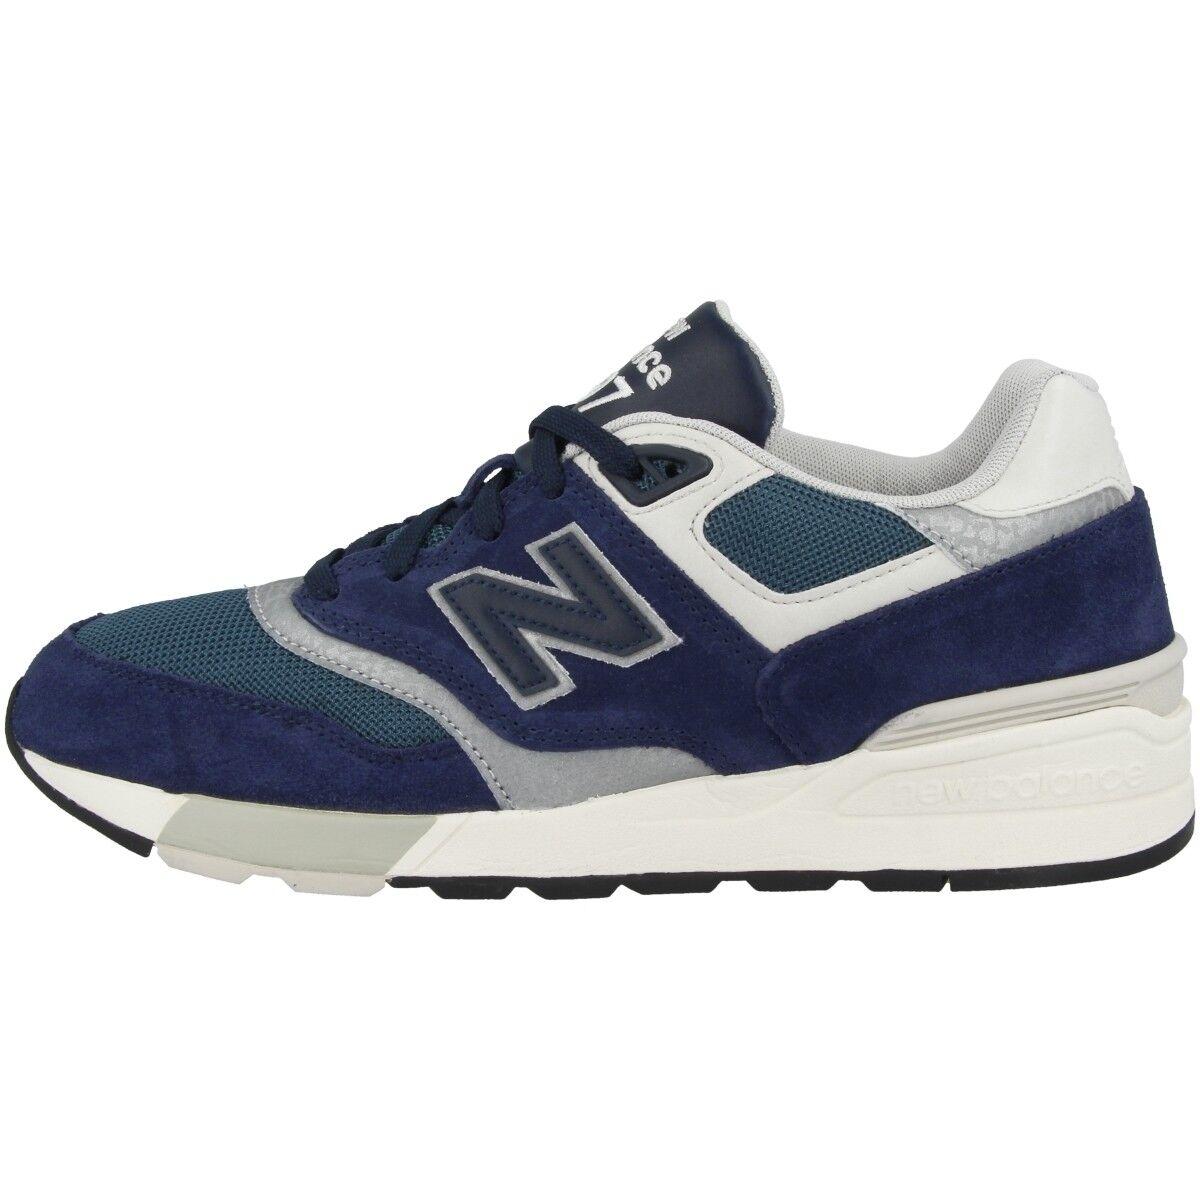 New Balance ML 597 AAA Schuhe Sport Sneaker Blau schwarz orion Grau ML597AAA
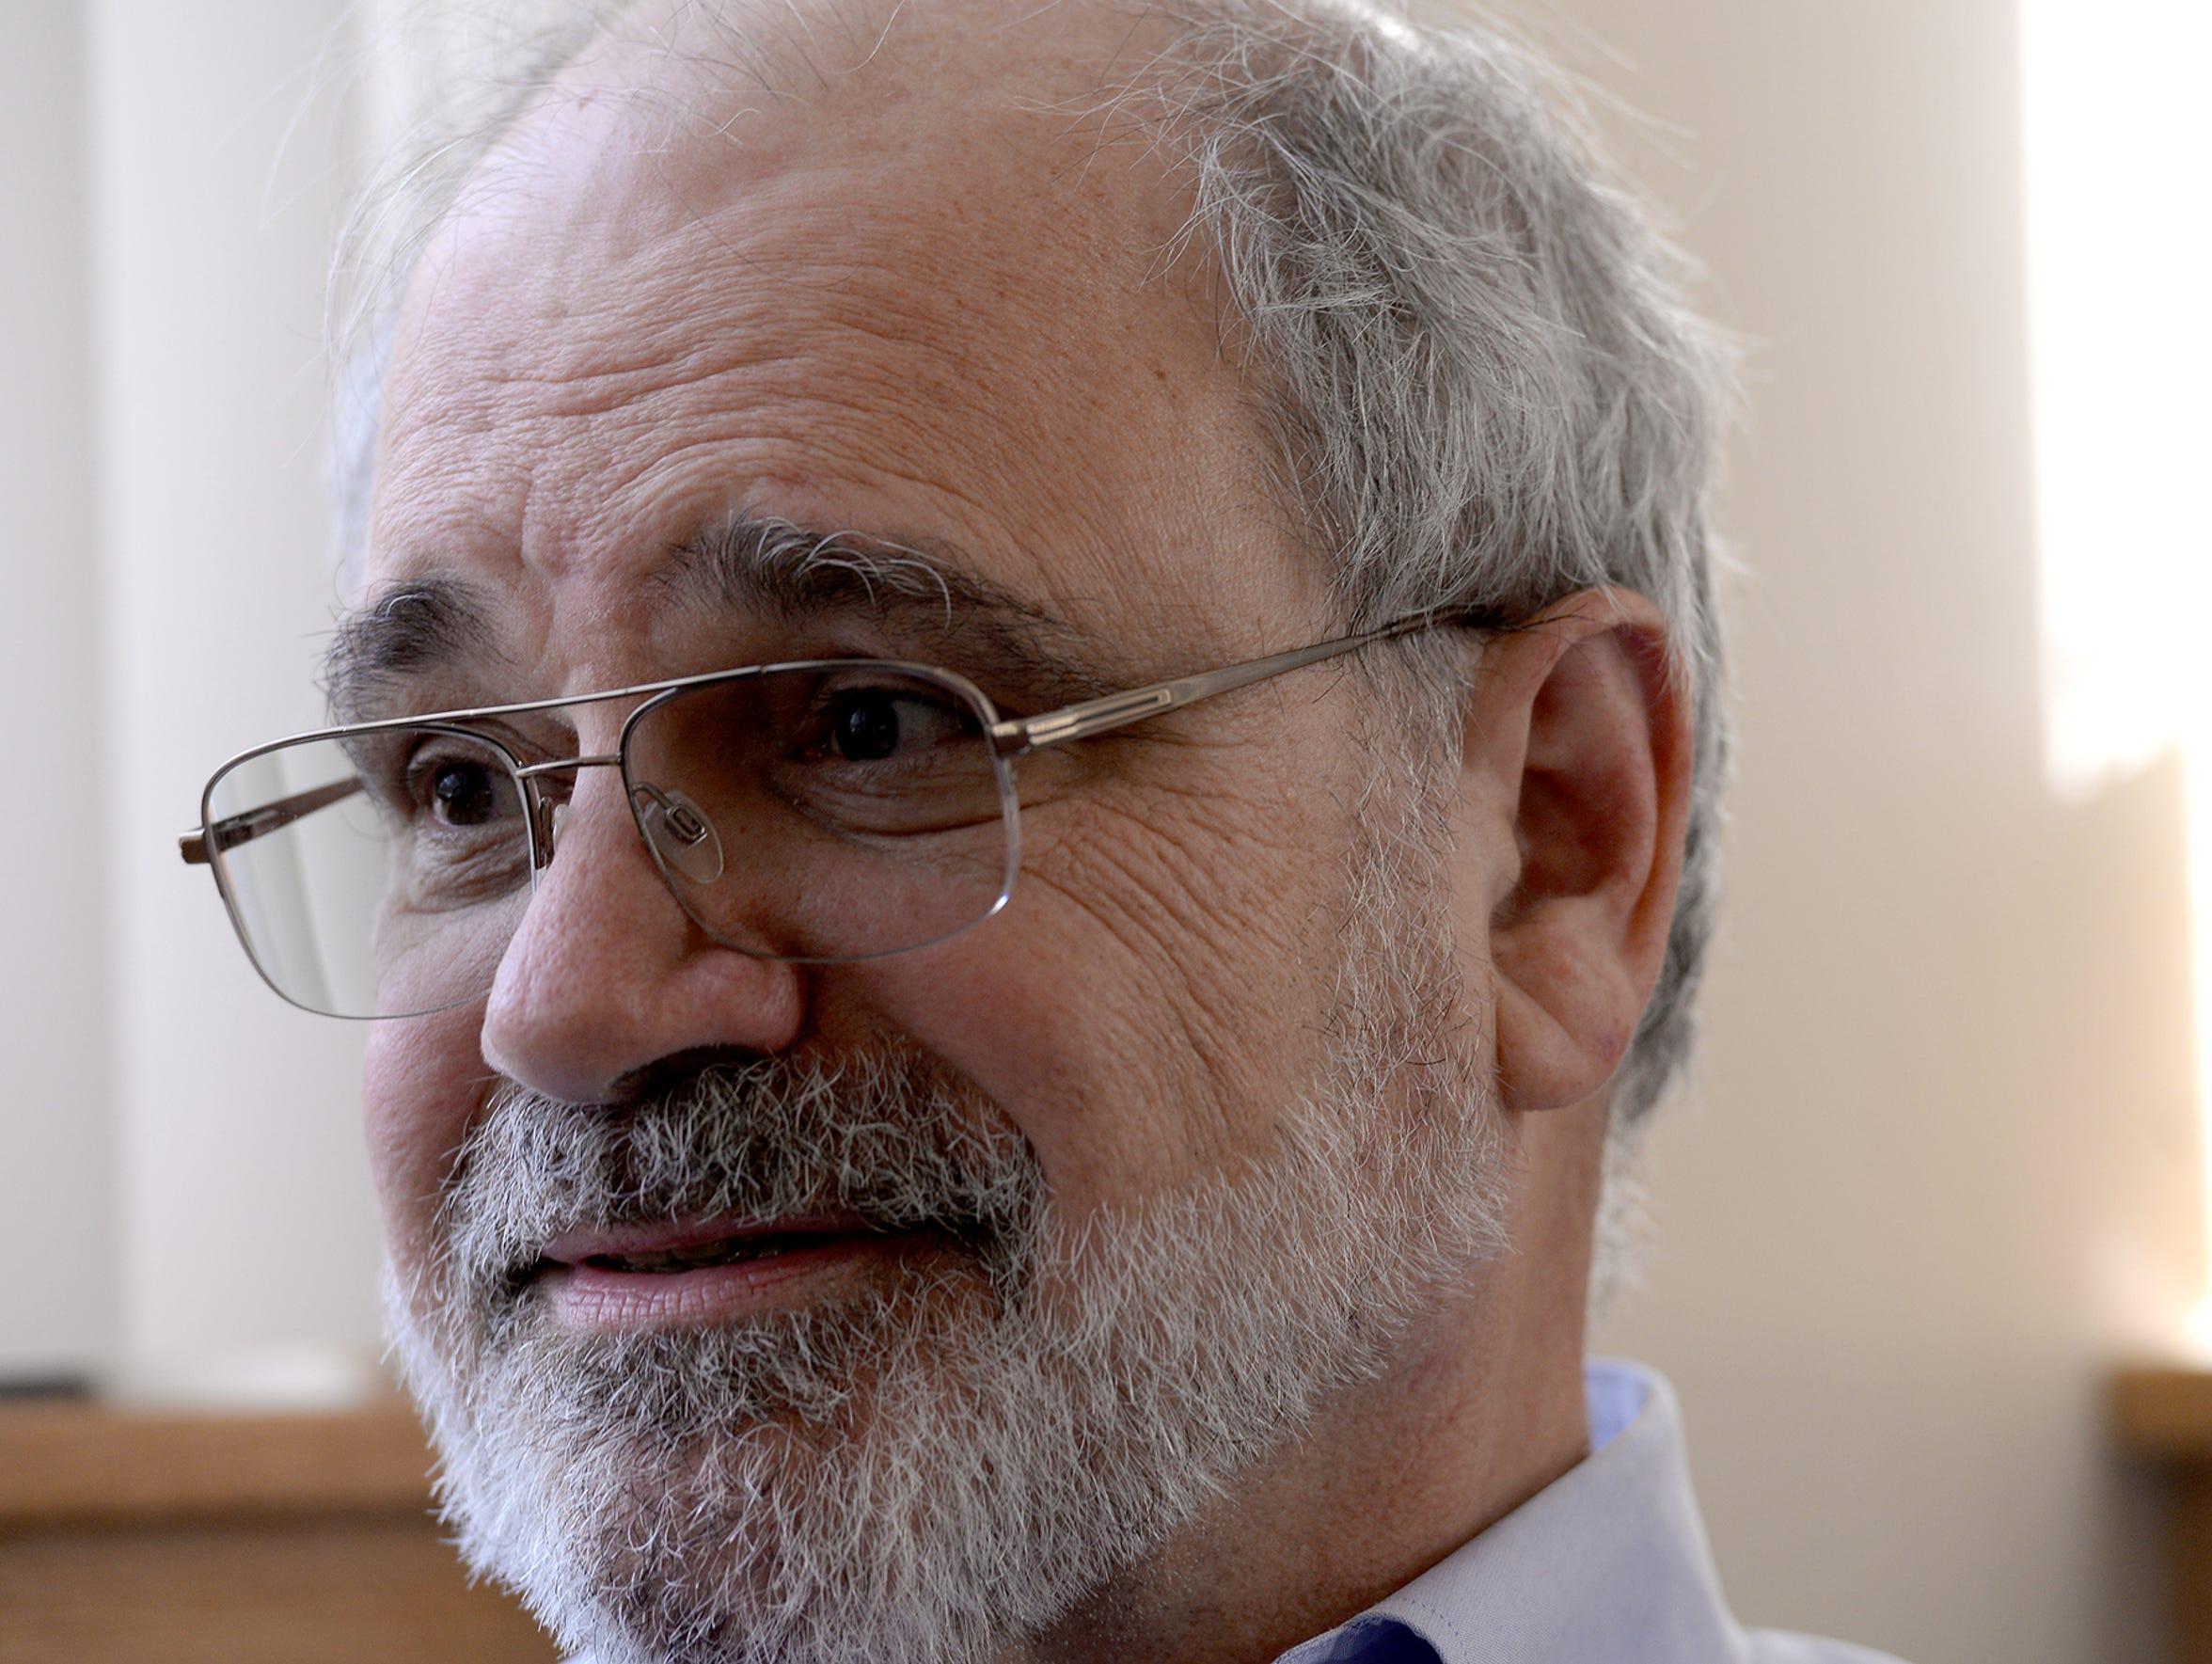 Dr. Ralph Harvey talks about writing prescriptions
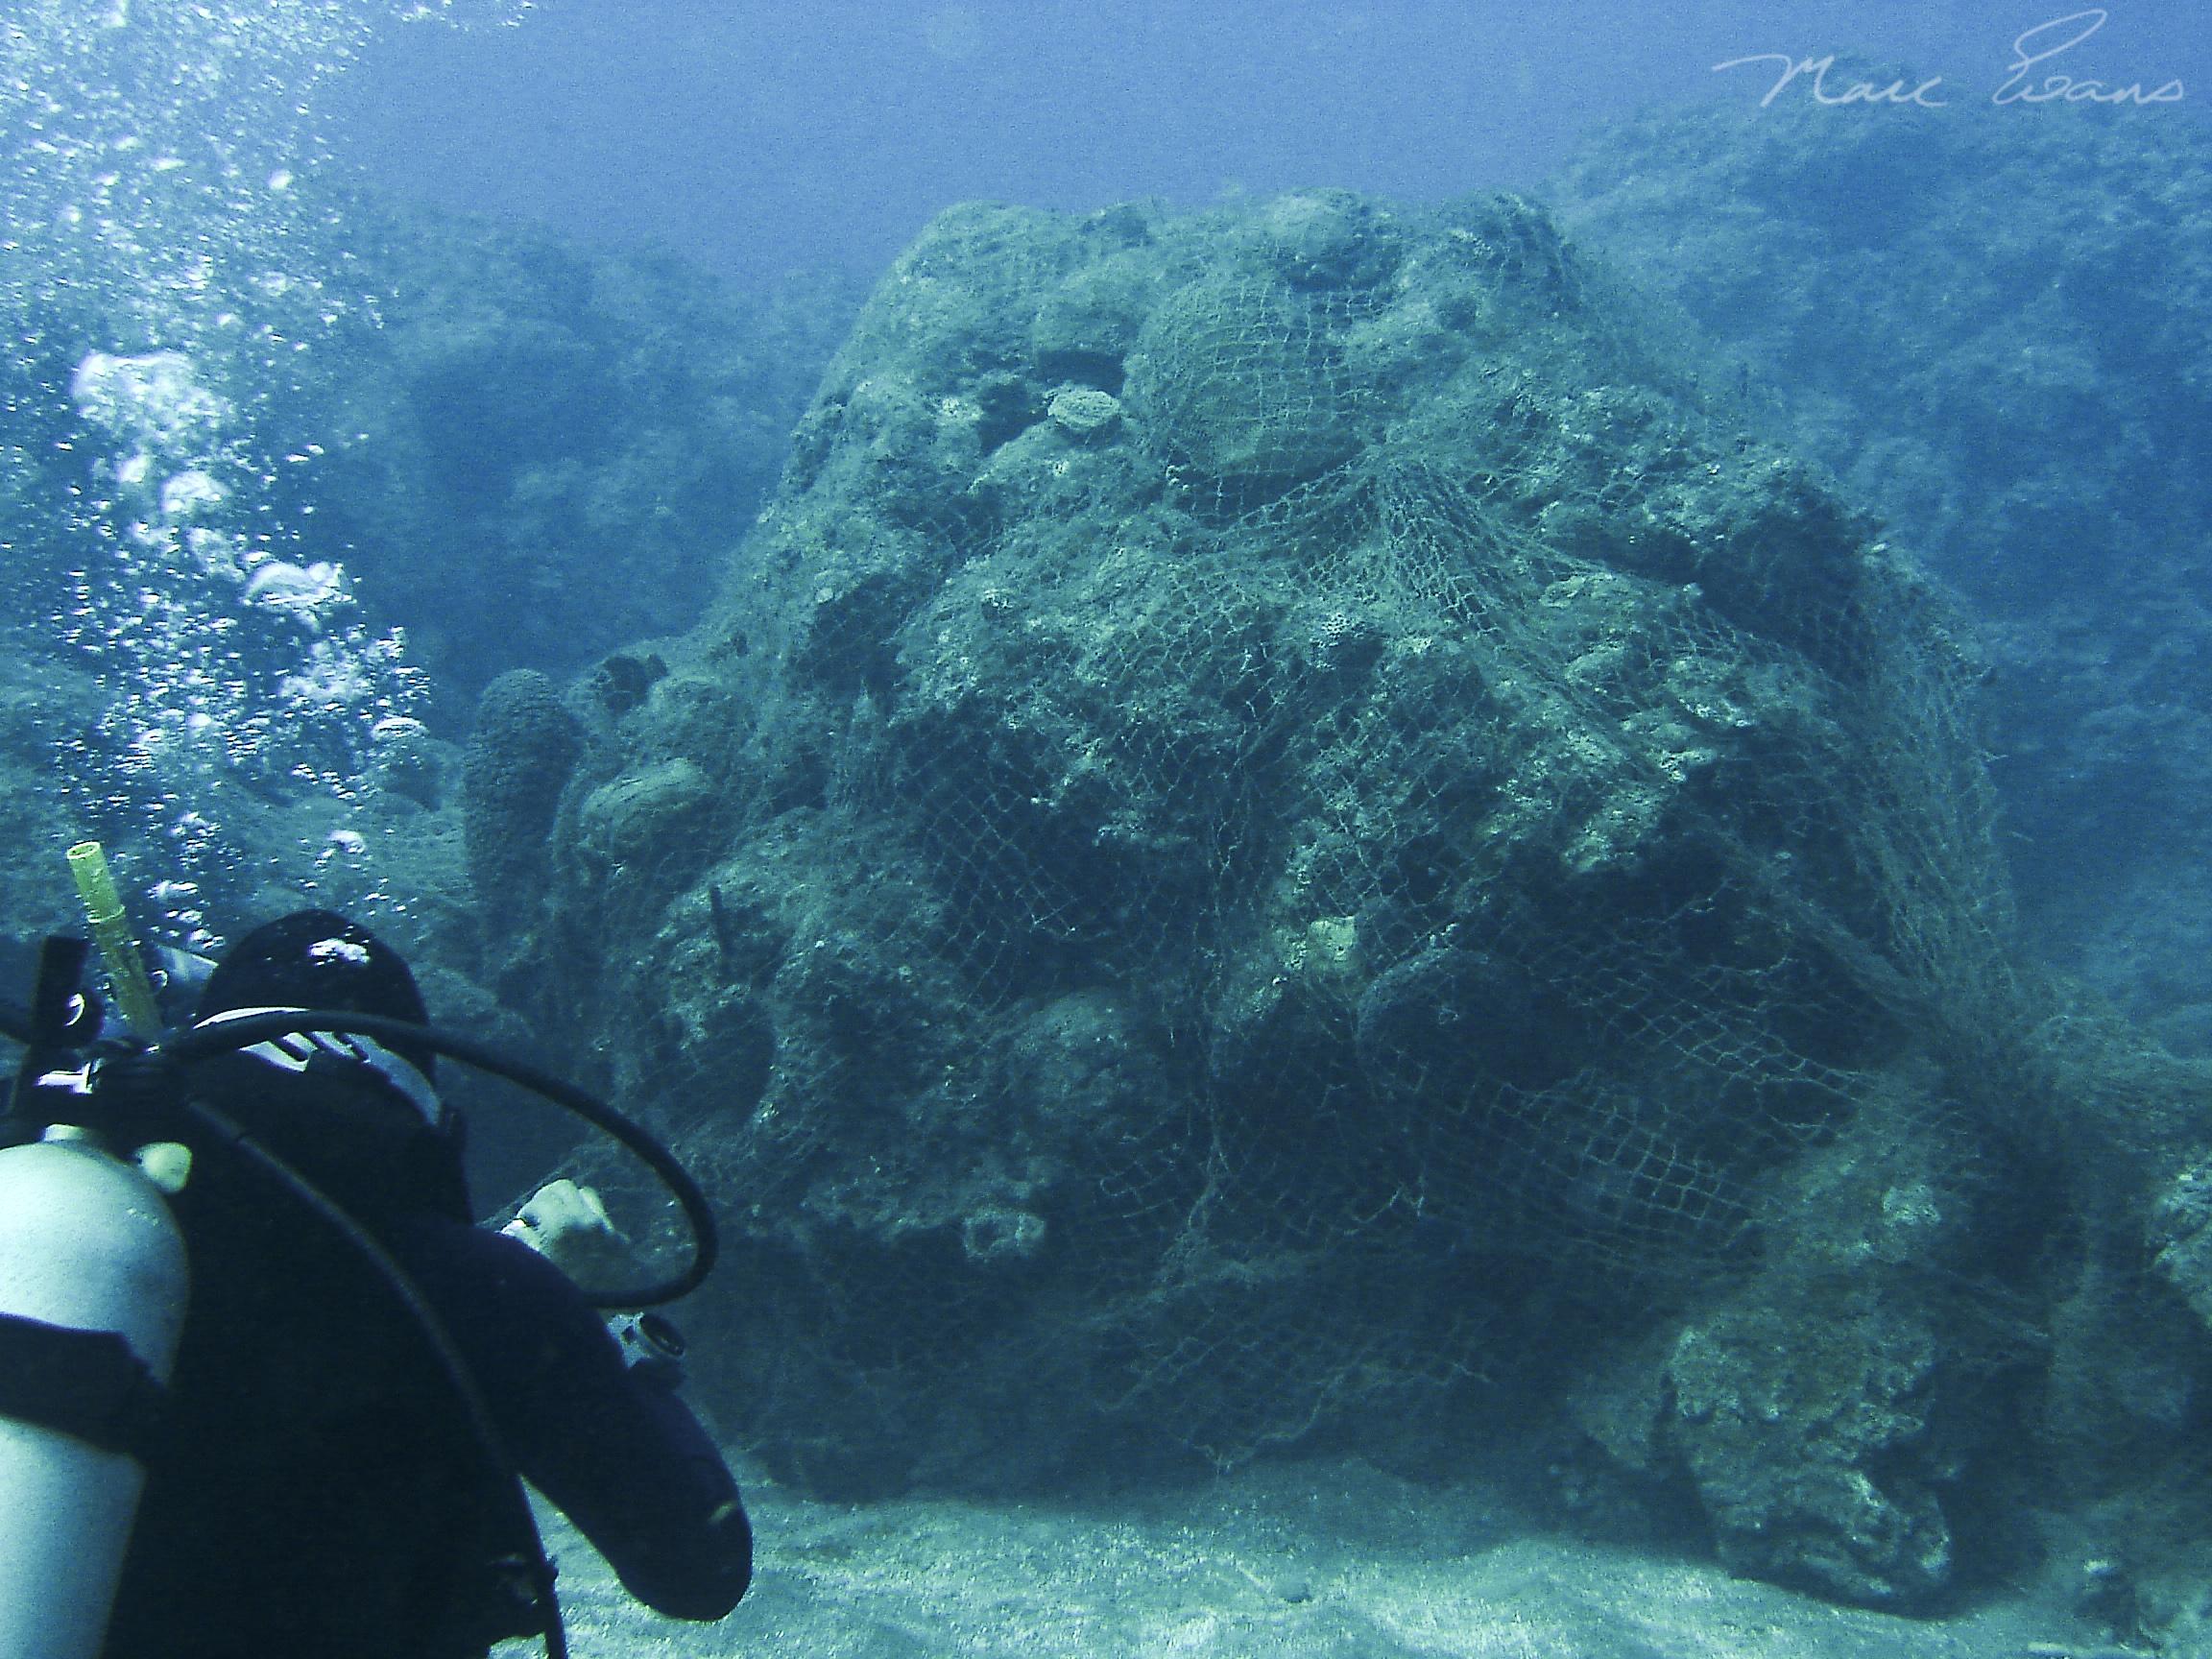 Fishing net over reef_Jamaica_Marc Evans.jpg
+++
Give back the full listing word for word, with the pictures left out.

Finished exercise
 New Balance ML 597 AAA Schuhe Sport Sneaker Blau schwarz orion Grau ML597AAA
 Dr. Ralph Harvey talks about writing prescriptions
 Fishing net over reef_Jamaica_Marc Evans.jpg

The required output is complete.